Let me start with the part that isn't in dispute. JRuby is mature — a complete Ruby implementation, production-proven, with a compatibility story measured in decades. Roundhouse is weeks old, handles a subset of Rails, and its emit is still calibrated to one fixture within that subset. If you need to ship a Rails application on the JVM this quarter, JRuby is the answer and Roundhouse is not a candidate. Nothing below changes that.

What follows is instead an observation about where the two approaches meet — because they meet in a more interesting place than "competitors."

What JRuby already wins

JRuby's value proposition has always been: keep your app, change the runtime. And for traditional HTML-rendering Rails applications, the win is real. On the Roundhouse benchmark — the same small Rails 8 blog application measured across every target, methodology in Numbers Without Conclusions — stock Rails serving the HTML index does 481 req/sec under CRuby with YJIT, and 1,057 req/sec under JRuby, at less than half the median latency. A 2.2× throughput gain from changing nothing but the runtime, consistent with what production JRuby shops have reported for years.

(On the JSON endpoint the two are at rough parity — 1,272 vs 1,080 — which is worth keeping in mind whenever someone generalizes about "JRuby performance" in either direction. Where the request spends its time determines what the JVM can win back.)

The experiment the benchmark happens to contain

Roundhouse's bet is different: keep your app, change the code — where "change the code" is shorthand for something specific. An application serving thousands of requests per second is making the same decisions, with the same outcomes, on every one of them. Every decision whose answer cannot differ between requests can be made once, at transpile time, instead. Roundhouse reads a Rails application, makes those decisions, and emits the residue as standalone, metaprogramming-free projects — in Rust, Go, Crystal, Kotlin, Swift, Elixir, TypeScript, Python, and Ruby itself. That last target is the interesting one here, because the emitted Ruby is just Ruby. It runs anywhere Ruby runs.

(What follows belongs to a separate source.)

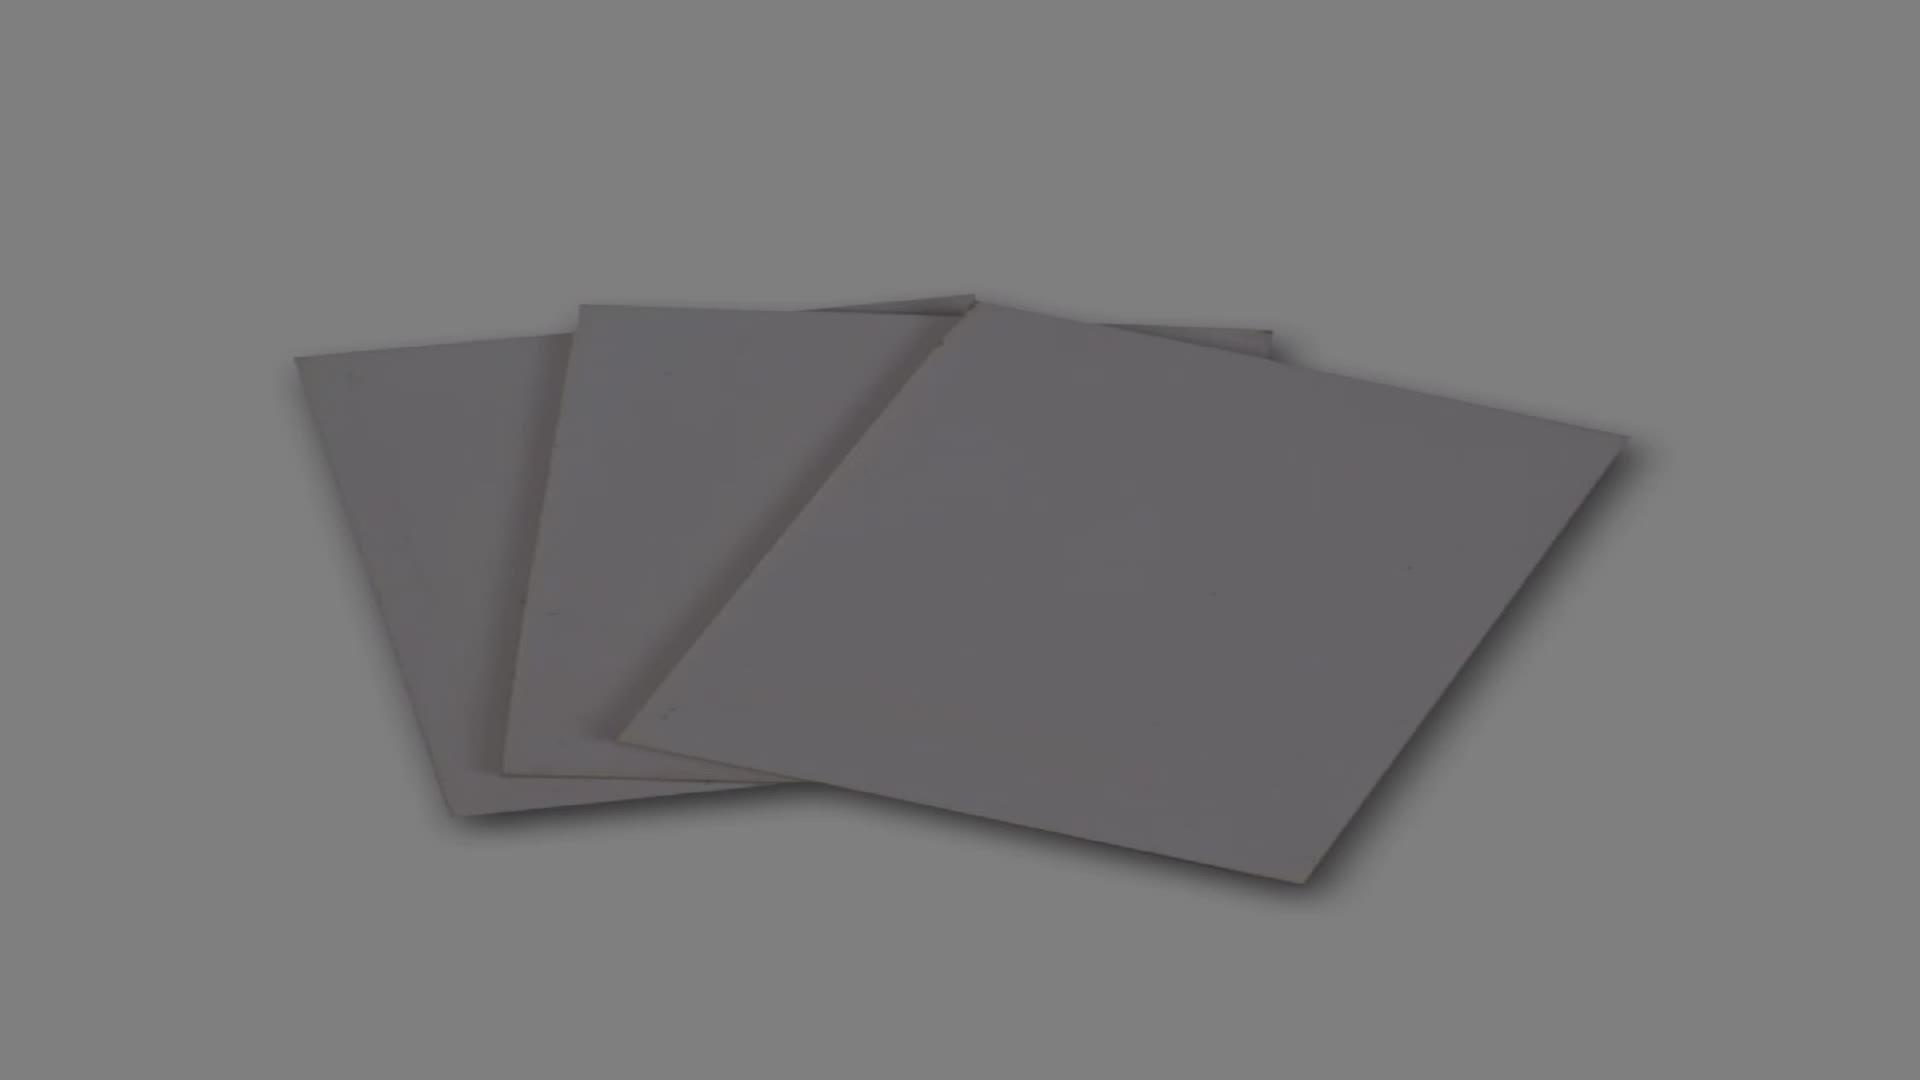 Hohe dichte schwarz wasserdicht pvc laminiert form bord pvc schalung bord pvc panel weiß 6mm

So the benchmark includes a jruby row: the same emitted tree the CRuby target runs — byte-identical except that the SQLite backend swaps the sqlite3 C extension for the JDBC driver — executed under JRuby 10. That makes for an unusually clean experiment. Same source application. Same emitted code. Two runtimes.

HTML index (/articles):

configuration	req/sec	p50 (ms)	RSS (MB)
Rails on CRuby+YJIT	481	128.9	328
Rails on JRuby	1,057	55.7	1,169
Roundhouse emit on CRuby+YJIT	5,283	12.0	135
Roundhouse emit on JRuby	26,108	2.3	982

JSON show (/articles/1.json):

configuration	req/sec	p50 (ms)	RSS (MB)
Rails on CRuby+YJIT	1,272	47.6	416
Rails on JRuby	1,080	57.0	1,502
Roundhouse emit on CRuby+YJIT	7,700	8.0	165
Roundhouse emit on JRuby	46,886	1.3	1,048

Reading the 2×2

Those tables are a 2×2: two codebases × two runtimes. Read them that way and two different things are going on — and they compose.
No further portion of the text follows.